The present disclosure relates to accumulating electrical energy and the teachings thereof may be embodied in accumulator systems and methods. For example, an accumulator system may comprise: an energy accumulator for generating a DC voltage; a converter for converting the DC voltage into an AC voltage, connected to the energy accumulator via an intermediate circuit; and a diode in the intermediate circuit connected in parallel with the energy accumulator and the converter. The diode may have reverse bias to limit a voltage in the intermediate circuit.

Description

TECHNICAL FIELD

The present disclosure relates to accumulating electrical energy and the teachings thereof may be embodied in accumulator systems and methods.

BACKGROUND

Use of accumulator systems dictates a high safety standard during operation, and the provision of protective mechanisms in the event of a malfunction. The connection of an energy accumulator, in the form of a DC voltage source or sink, to an AC voltage network is typically completed via an inverter.
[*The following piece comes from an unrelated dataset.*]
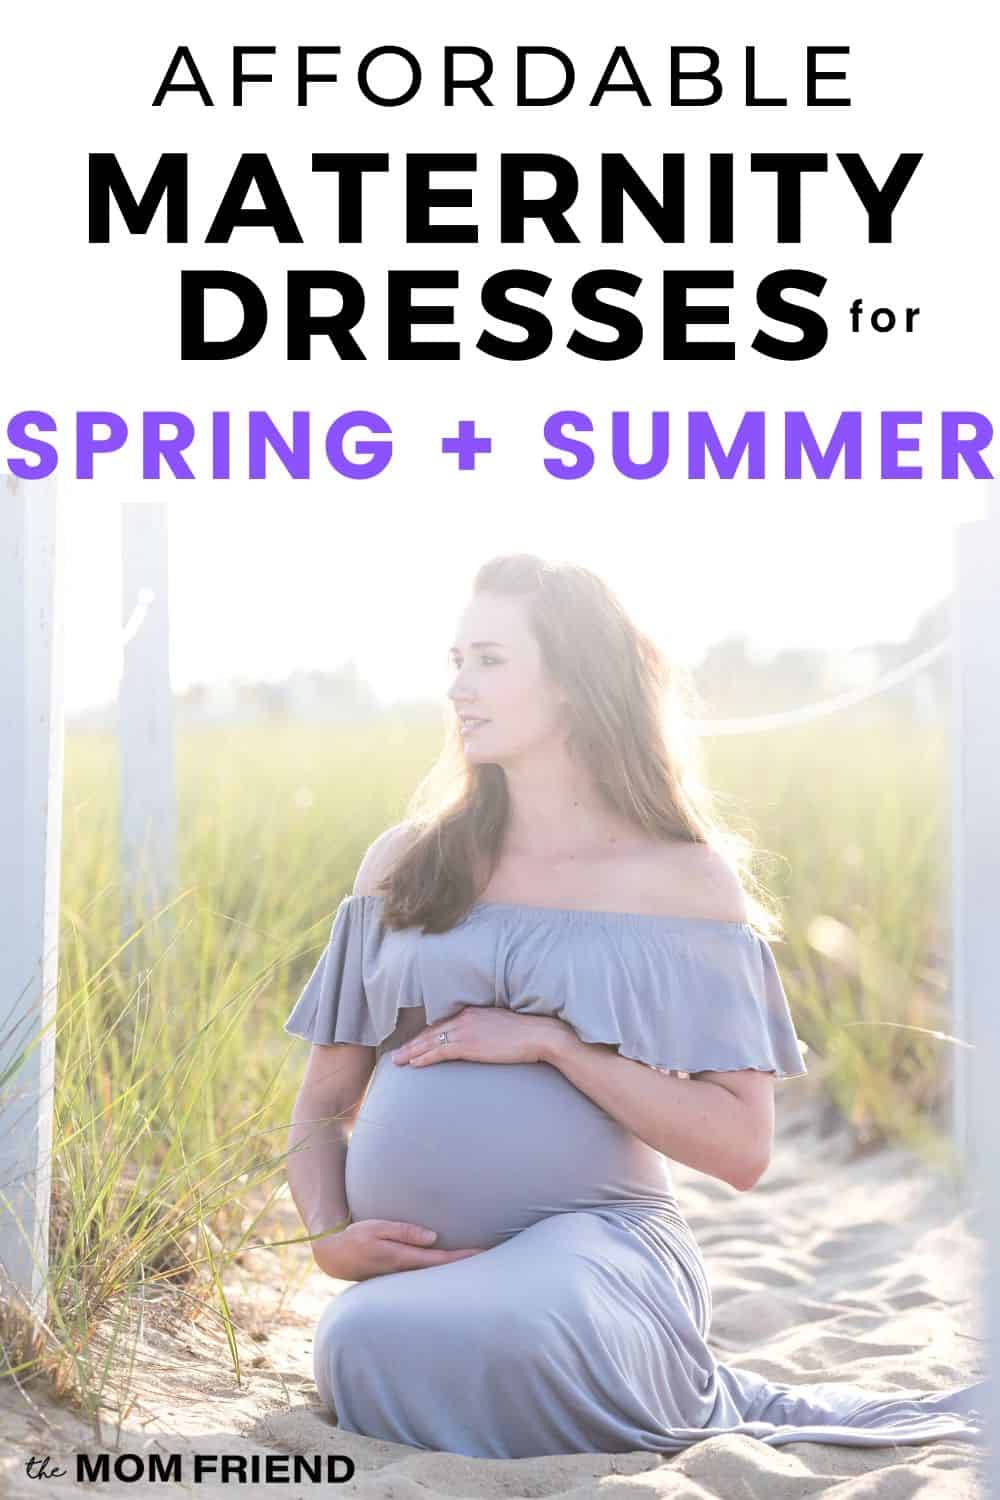 pregnant woman sitting on beach with text affordable maternity dresses for spring + summer
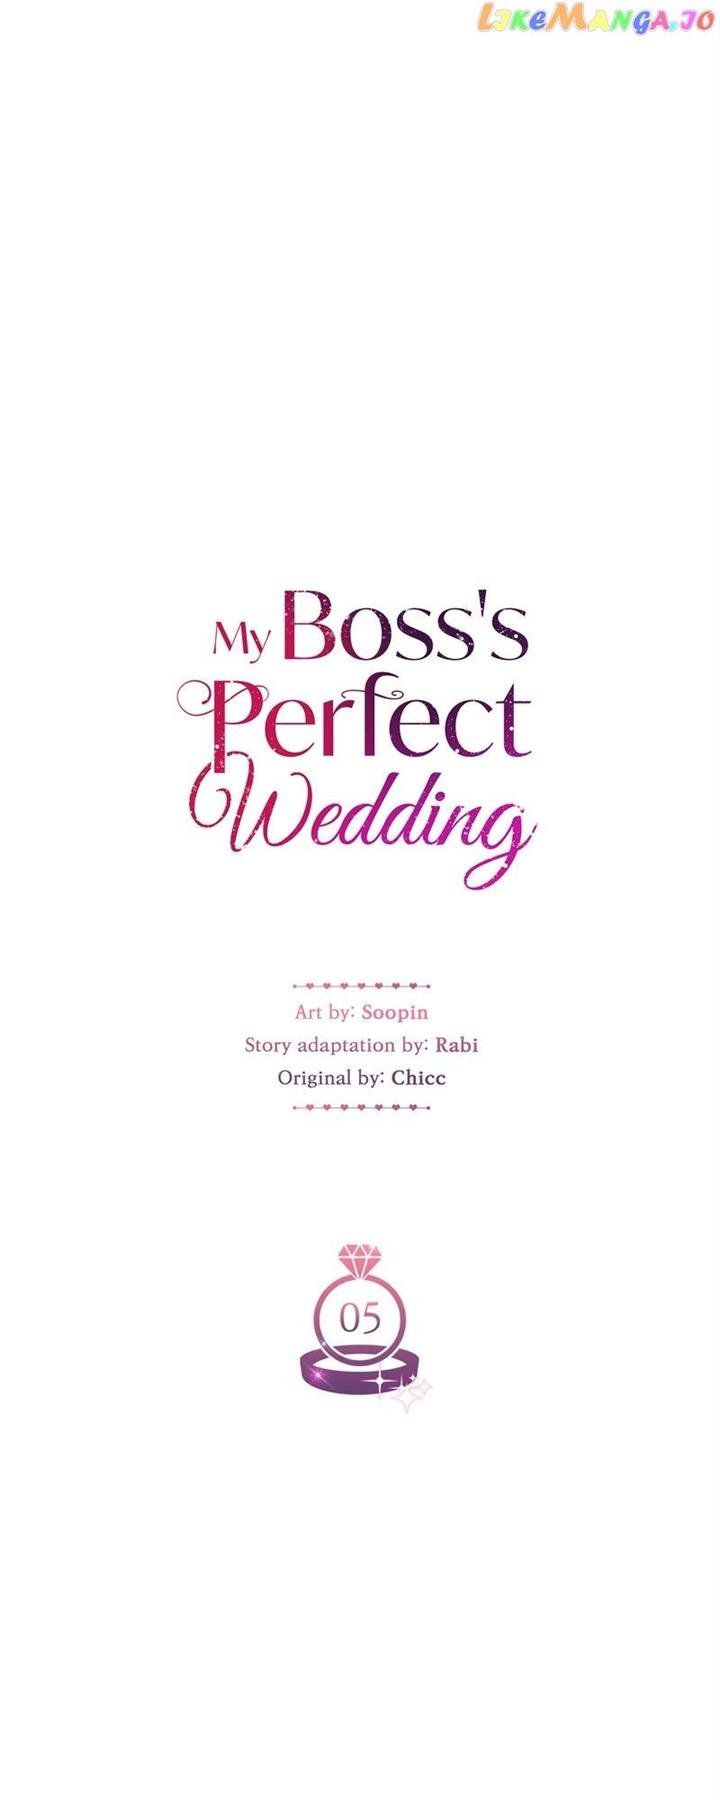 My Bosss’s Perfect Wedding chapter 5

An intermediate DC voltage circuit may be arranged between the energy accumulator and the inverter, in which overvoltages can occur. Currently existing methods for the protection of the intermediate circuit, the energy accumulator and the inverter employ contactors, which open in the event of a malfunction. These contactors are electrically actuated by means of a controller, using appropriate software, and are tripped upon the overshoot of a given voltage level, to prevent damage to both the inverter and the energy accumulator.

SUMMARY

The teachings of the present disclosure may be embodied in an accumulator system for accumulating electrical energy which, by simple means, can protect both an energy accumulator and a converter against an overvoltage. For example, some embodiments may include an accumulator system (100) for accumulating electrical energy having: an energy accumulator (101) for generating a DC voltage; a converter (103) for converting the DC voltage into an AC voltage, which is connected to the energy accumulator (101) via an intermediate circuit (105); and a diode (107), which is connected in the intermediate circuit (105) in parallel with the energy accumulator (101) and the converter (103), with reverse bias, so as to limit a voltage in the intermediate circuit (105).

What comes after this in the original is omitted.